Here are a couple of things that you might want to notice about this implementation:

  • The class has two static methods, one to read a line of a CSV file, and one to write a line of a CSV file. Nothing to set up, nothing to configure, nothing to go wrong.
  • It handles each character only once.  No temporary strings, and no concatenating of strings.
  • It makes a single pass through the stream.  There is no pre-fetching, no pushing back, no scanning ahead for length, and then re-parsing.  There is no breaking the string initially (prescan) into chunks that are then parsed separately.
  • This single pass approach is fast and it does not use any excessive memory, nor does it copy the string values more than once.
  • Everything is in characters, which means you can use any encoding into bytes that you like.  These methods never see the bytes.
  • You can parse from any stream source: file, http request, ftp, nntp, whatever. You only need to create a Reader to that source. No need to reinvent that.
  • You can write to out to any output destination, just supply the Writer class.
  • It focuses just on the parsing of the value, and not interpretation of the values.  I have found that once the line is parsed into a List of Strings, it is pretty easy to loop over this and do whatever interpretation is needed of the values.  Generally, that loop to interpret the values is the simplest, most concise implementation.  When I have used classes that automatically do further conversions, I find I nearly always have to write a loop anyway to do special things on the values beyond data types.  If I have to write the loop anyway to patch things up, I might as well convert from strings at the same time.
  • It does not tell you the size and shape of the file. for example it does not tell you the number of rows or columns.  You simply read each row and you get a number of values, telling you the number of columns.  A properly formed CSV file will have the same number of columns on each row, but this approach simply gives you the values that are there on the row.
  • There is no special handling for the first row.  Often the first row contains names of the columns.  The code reading the file can easily handle the first row differently.
  • This has no dependencies on other non-standard classes.  It uses that standard Java stream classes.  It does not invent new protocols or patterns of call, instead leveraging the standard Java streams as they were intended to be used.
  • It does not handle comments.  Why would anyone have comments in a CSV file?  If you need it, comments could be ignored with about 3 additional lines of code.  Since I have not encountered that need, I did not put it in.  (YAGNI)
  • I used Vector because I am more comfortable with it, but a purist might substitute ArrayList for performance reasons.  That is why the interface uses the more generic “List” interface.
  • On output it puts quotes around all values.  This was easier than figuring out whether the value needed it or not, and some might view this as wasteful, adding two extra characters for every values that does not need it.  For me, processing speed was more important than space on the disk, so I would rather avoid the overhead and complexity of figuring out whether it is needed, even if there is a small cost on output size.
  • About 50 lines of code, makes it smaller than the interface files of most competition.
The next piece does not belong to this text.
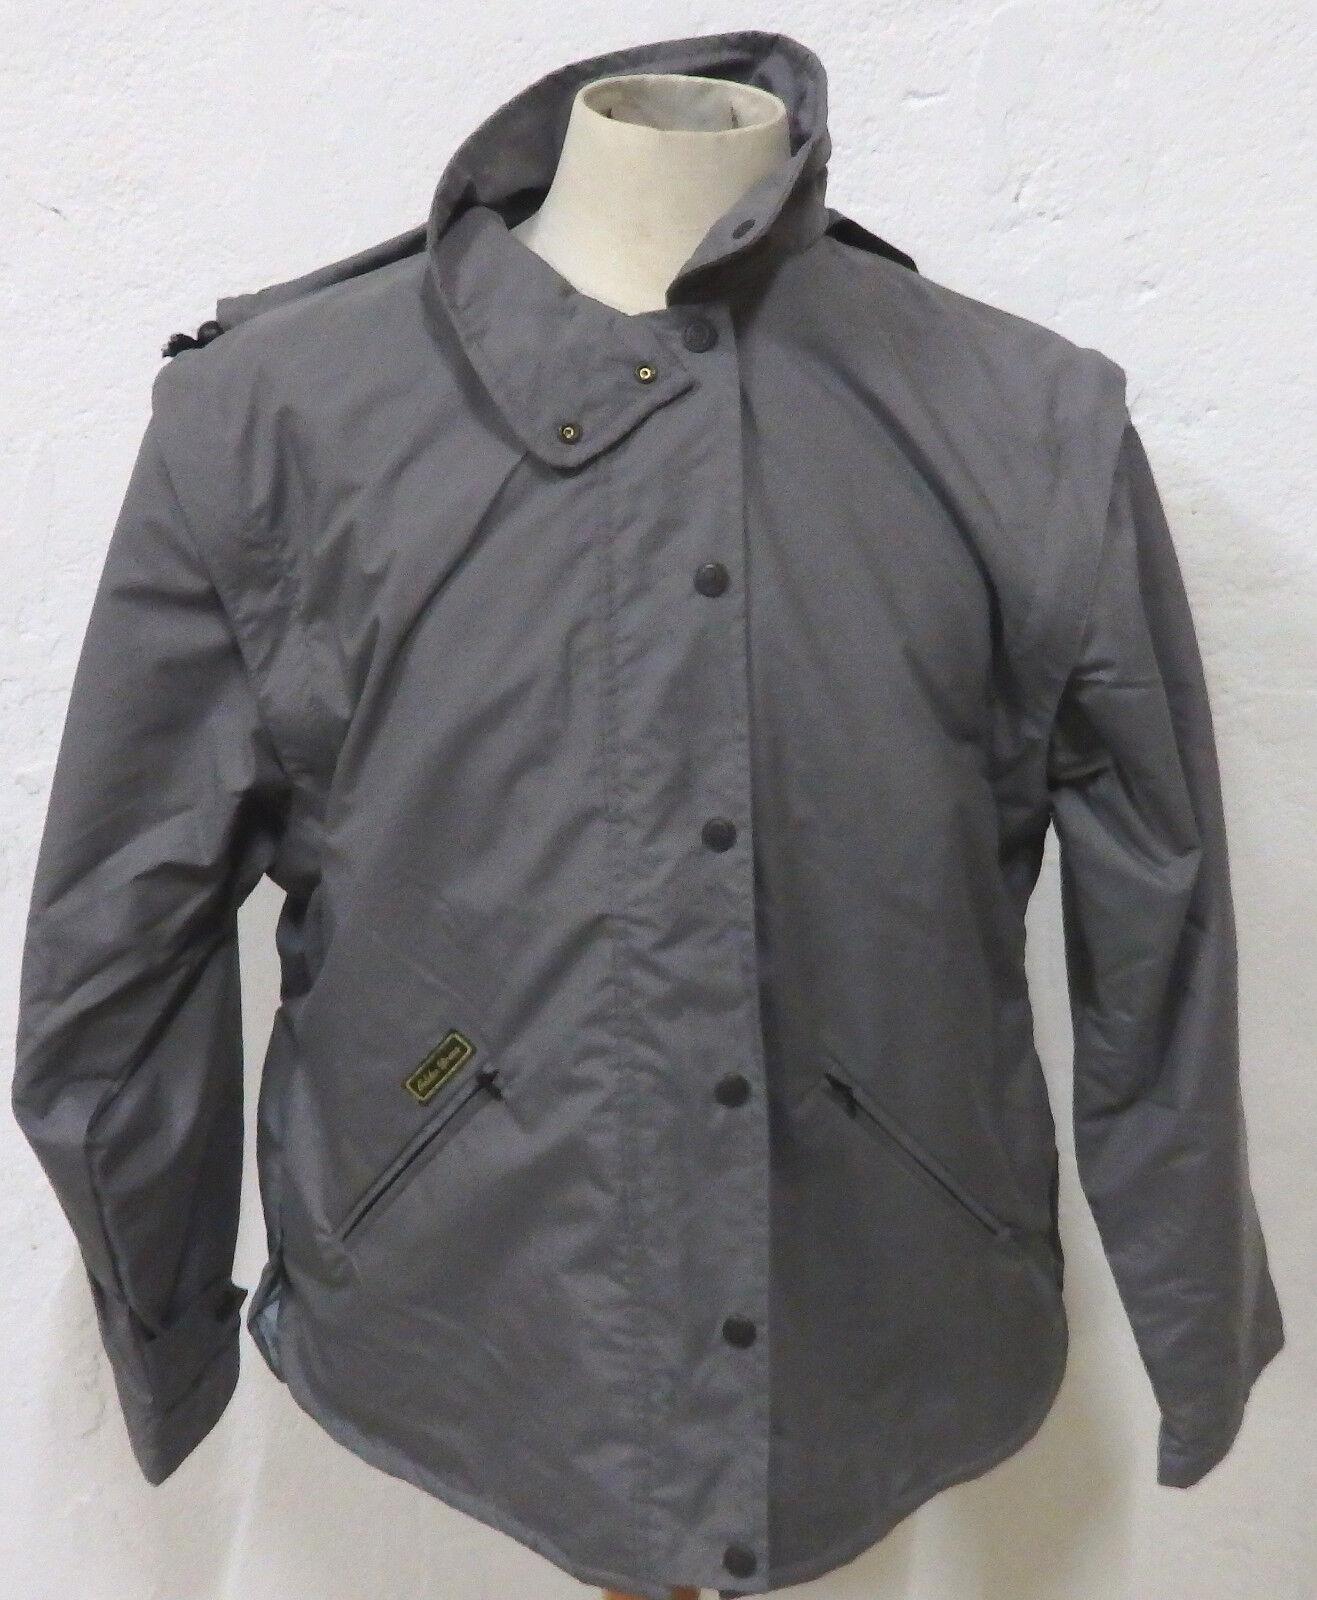 Golden dress reitjacke lluvia chaqueta, gris, gris, gris, talla s, sealand  A la venta con descuento del 70%.

This makes it so easy to write a CSV file.  I write a loop over my data set.  For each row, I collect all the values (converted to strings) into a List of Strings.   Then one method call writes that line out.  Repeat until finished. Generally this is all I need.  If I want a header with the column names, I do that just before looping over the data.  So easy.

Reading is similarly easy.  Open the file, and start pulling lines out as Lists of Strings.  It is easy then to iterate through that list, and plug the value into whatever internal data structure I am using.  If it needs to be converted to Integer or Long, I do it in that loop without difficulty.  This is the step of interpreting the data values, and generally I don’t need a CSV class to do that.

Most importantly, this one class can be reused anywhere without bringing any extra dependencies.  A single class, is a single file.  It uses only standard Java classes, so I don’t need to include any extra exotic libraries into my program.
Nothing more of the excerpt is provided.